И тут же, не сделав никакой паузы, она произнесла большую речь. Она говорила очень быстро и обо всем сразу. Бешено блестя глазами, она сообщила притихнувшему столу, что бросила курить и тотчас потолстела, стала делать зарядку и немедля сбавила в весе, вырвала зуб, хотела вставить фарфоровый, но врач кобенится — сует ей металлический, а она не хочет, не хочет металлических зубов!
Блондинка слушала с ревнивым нетерпением. Едва гостья из Риги умолкла, она сказала:
— Друзья, вы слышали, что Болдыревы разошлись, и на этот раз окончательно?
— Ты шутишь! — воскликнула Ольга.
— Нисколько. Детей они уже поделили, а квартиру еще нет.
— Да, я видел его в театре с какой-то неженой, — задумчиво произнес человек без шеи.
— А я, признаться, никогда не понимала, на чем держится этот брак. Ведь он же умный, одаренный человек. А она — коза. Не та коза, что лань или серна, а самая обыкновенная, вульгарная коза. — Сказав так, женщина с длинным острым подбородком засмеялась.
— Коза!

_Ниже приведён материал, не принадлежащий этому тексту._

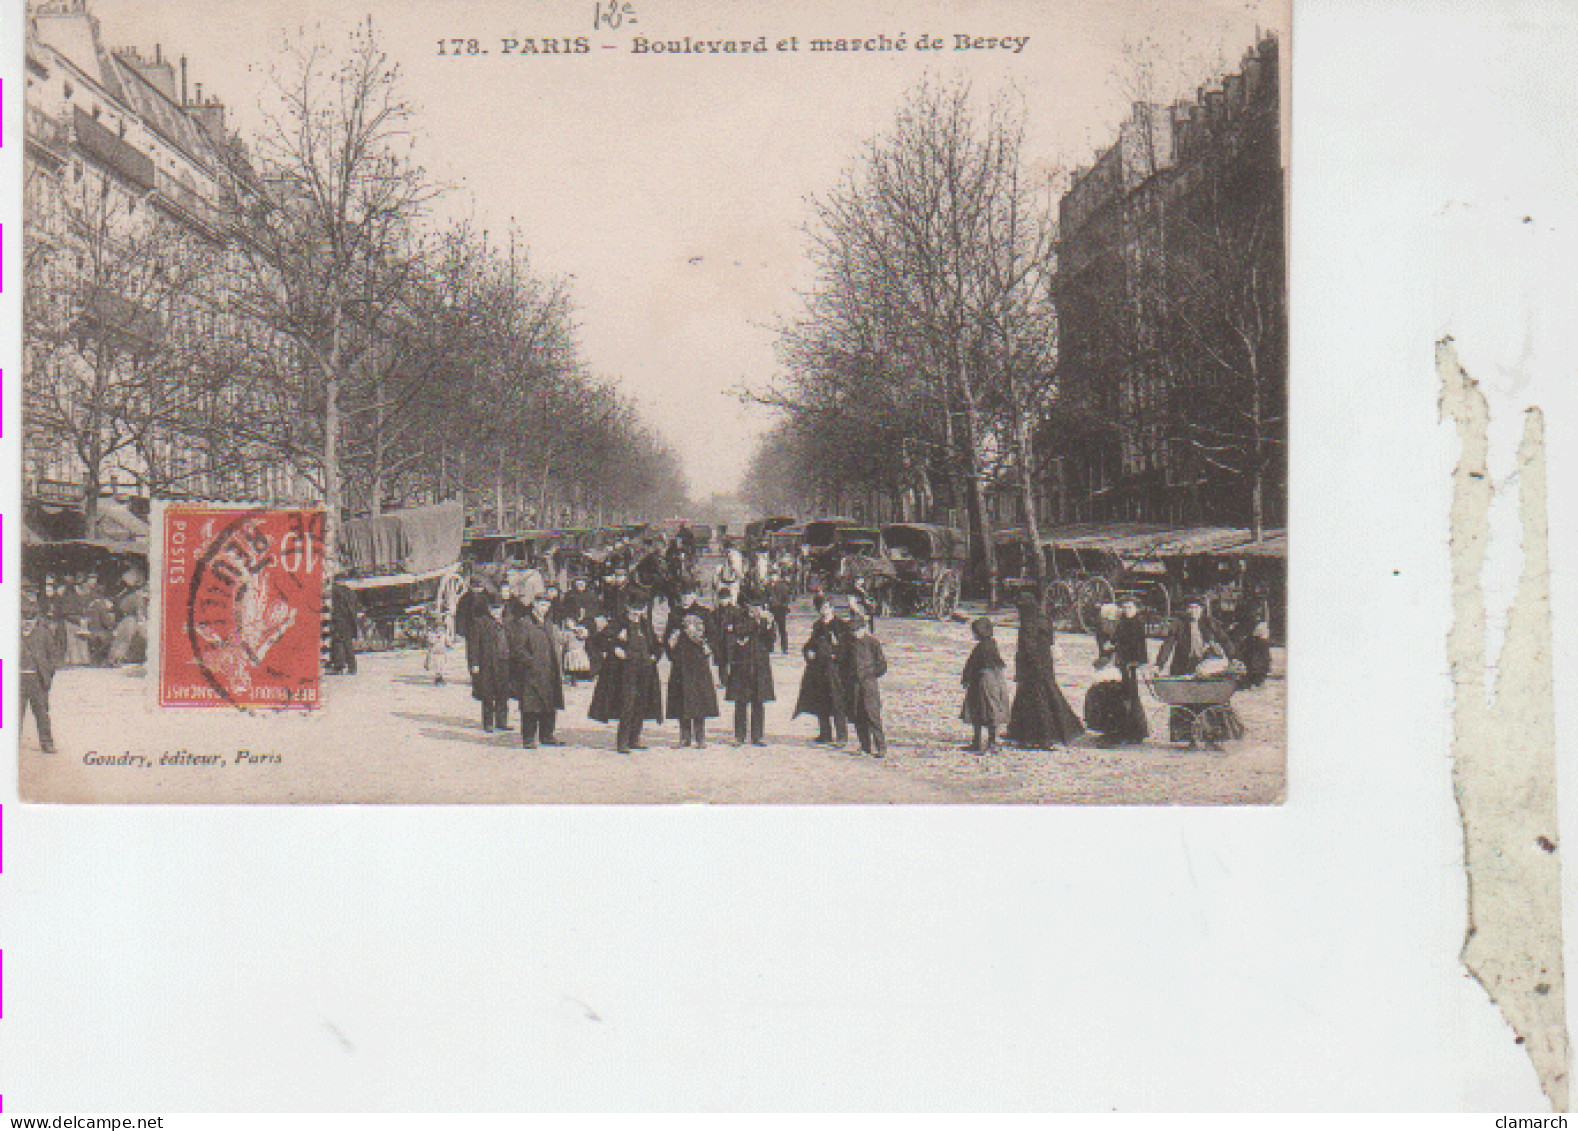 PARIS 12è-Boulevard Et Marché De Bercy - 178 - Arrondissement: 12

Очень странное определение, — воскликнул молодой человек с немолодым лицом. — У меня другая классификация: все женщины без исключения делятся на кур и кошечек.
— Кто же я в таком случае? — спросила Ольга.
— Курица.
— Как не стыдно!
— На прямой вопрос отвечаю прямо и нелицеприятно, такой уж я человек.
Стол тотчас забыл о Болдыревых, почти все женщины пожелали узнать, кто они. Молодой человек со старым лицом отвечал охотно и не задумываясь. Гостья из Риги была очень довольна, узнав, что она кошечка. Блондинка огорчилась, узнав, что она, скорей всего, курица.
— Пошляк ты, Николай, — устало произнесла женщина с лицом, которое состояло из маленьких аккуратных треугольников: глаза, рот, нос — все у нее было треугольное. — Я могу тебе совершенно официально сообщить, что по моей классификации мужчины делятся на бабников, склочников и алкоголиков. И ты есть бабник — и больше никто.
— Я и не отрицаю. Да, я бабник. И никогда под венец не пойду, — отвечал Николай. — Брак — это совершенно устаревшая форма. В браке любить не надо, любить надо — до брака, параллельно с браком и после брака.
— Фу, какой циник! — закричала Ольга. — Постыдился бы, тут дети. Циник, циник, самый настоящий циник!
— Оля, я готов сделать исключение для вашей семьи. Я согласен: нет правил без исключения, и ваша семья — исключение. Но, кроме вашего брака, назовите мне еще один счастливый? Не найдете и не ищите!
— Какой обаятельный салат! — воскликнула гостья из Риги.
— И вообще, — сказал Николай, — я не святой человек, да еще актер. И я считаю — жить надо так, чтобы не было мучительно стыдно за прожитую жизнь и чтобы, оглянувшись назад, увидеть там толпу женщин и груду бутылок! Выпьем за это!
— Все это очень остроумно, — сказал человек, сидевший рядом с гостьей из Риги. — Но едва ли стоит глумиться над словами, которые стали девизом для многих поколений советской молодежи.
О таких, как он, Достоевский говорил, что они — счастливой наружности, хотя почему-то несколько отвратительной. У него было красивое лицо, а с маленьких, как у пятилетнего ребенка, губ почти не сходила улыбка. И замечание свое он сделал, слегка улыбаясь.
— Ну наконец-то вы навели порядок. А я удивлялась вашему молчанию.
Сергей поднял глаза и посмотрел на молодую женщину, которая сказала это. Она сидела между Валерием и Толей. Темные волосы, мальчишеская стрижка, синий внимательный взгляд.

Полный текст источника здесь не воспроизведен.